Information provided:
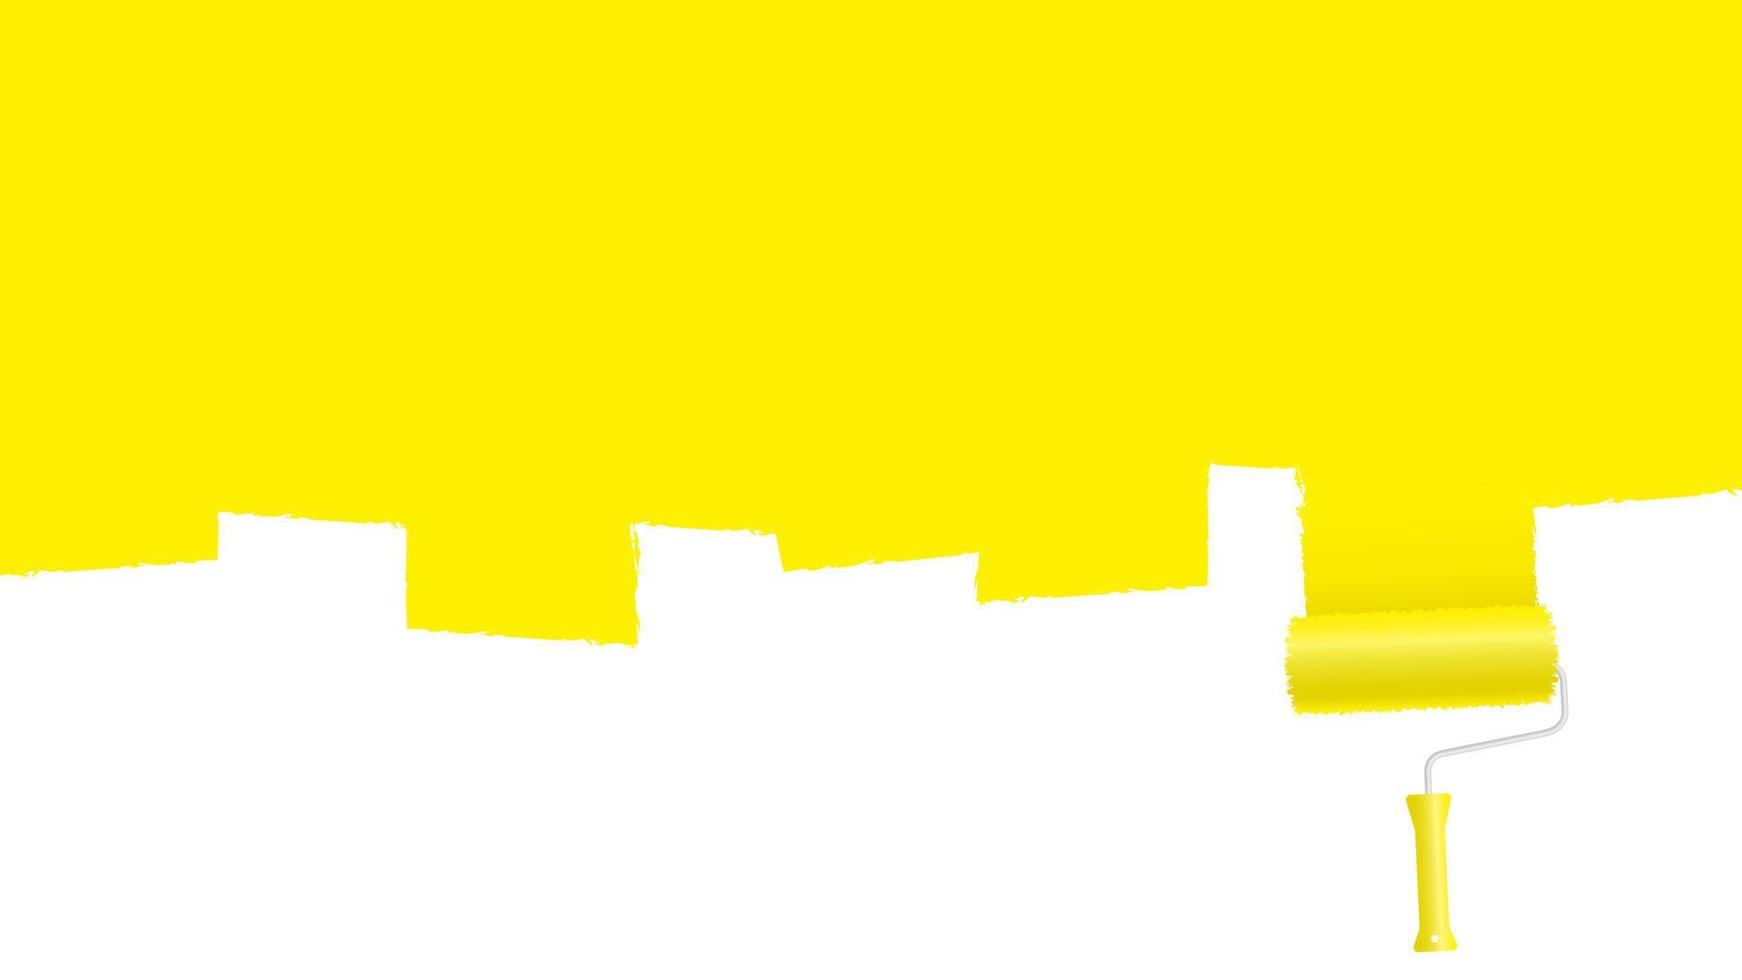 målarrulle målar gul yta banner. kreativ väggmålning i hem- och kontorsrenovering. abstrakt bildkonst av trendig vektorimpressionism vektor
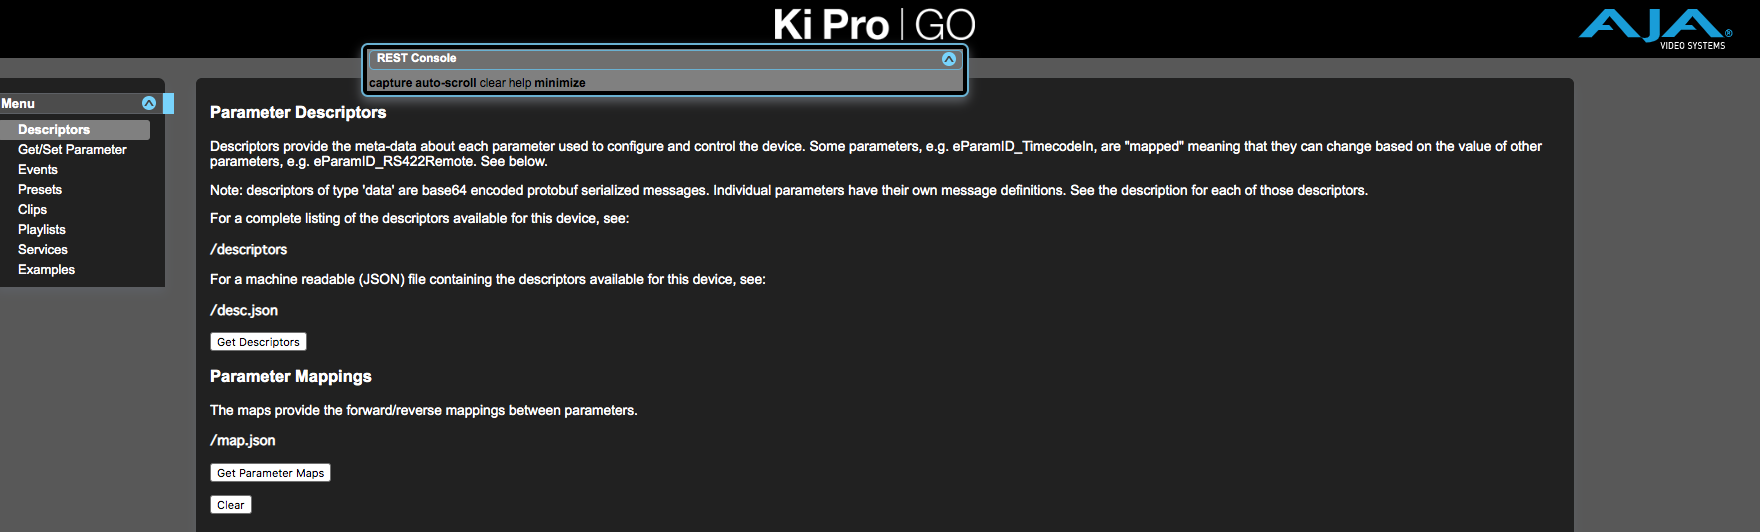 Ki Pro Go は制御向けに API （アプリケーション プログラム インターフェース）を持っていますか？
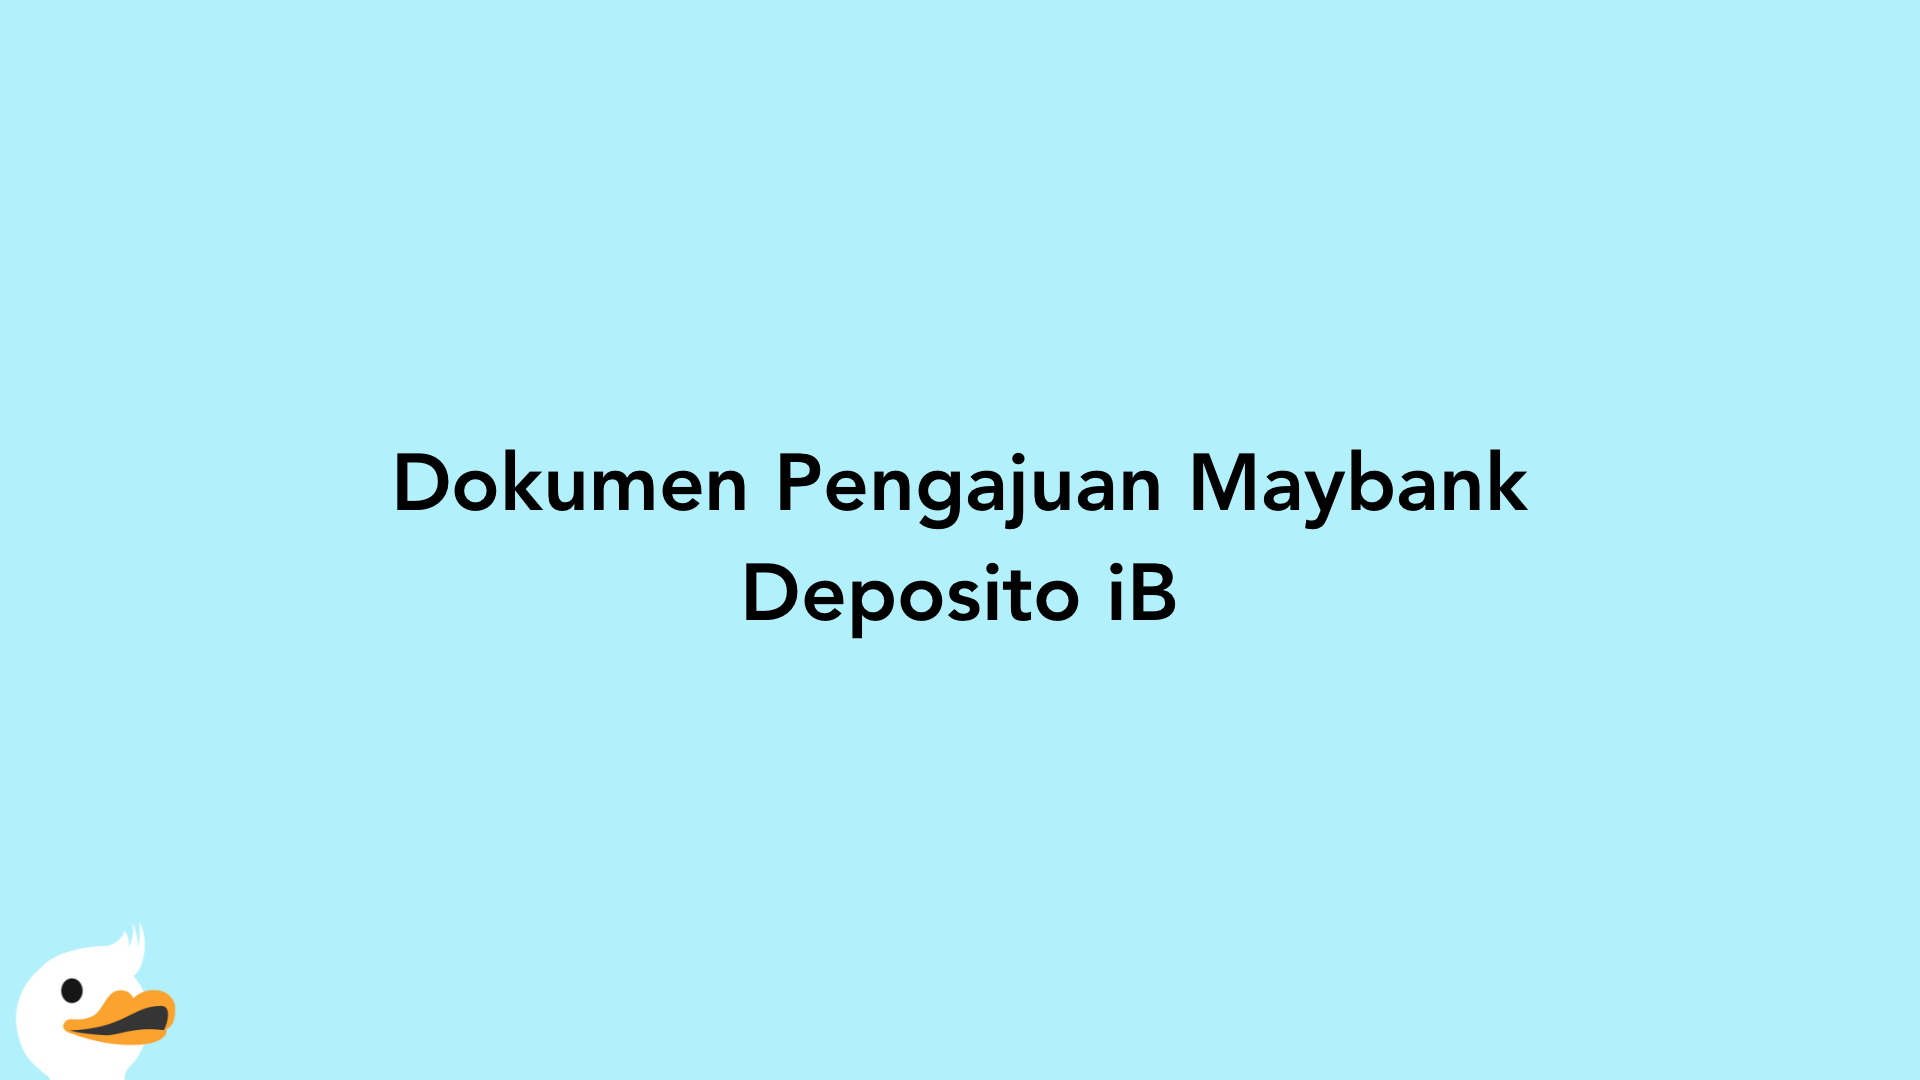 Dokumen Pengajuan Maybank Deposito iB

Exercise goal: Skipping all images, output the listing exactly.

Answer to this exercise:
 målarrulle målar gul yta banner. kreativ väggmålning i hem- och kontorsrenovering. abstrakt bildkonst av trendig vektorimpressionism vektor
 Ki Pro Go は制御向けに API （アプリケーション プログラム インターフェース）を持っていますか？
 Dokumen Pengajuan Maybank Deposito iB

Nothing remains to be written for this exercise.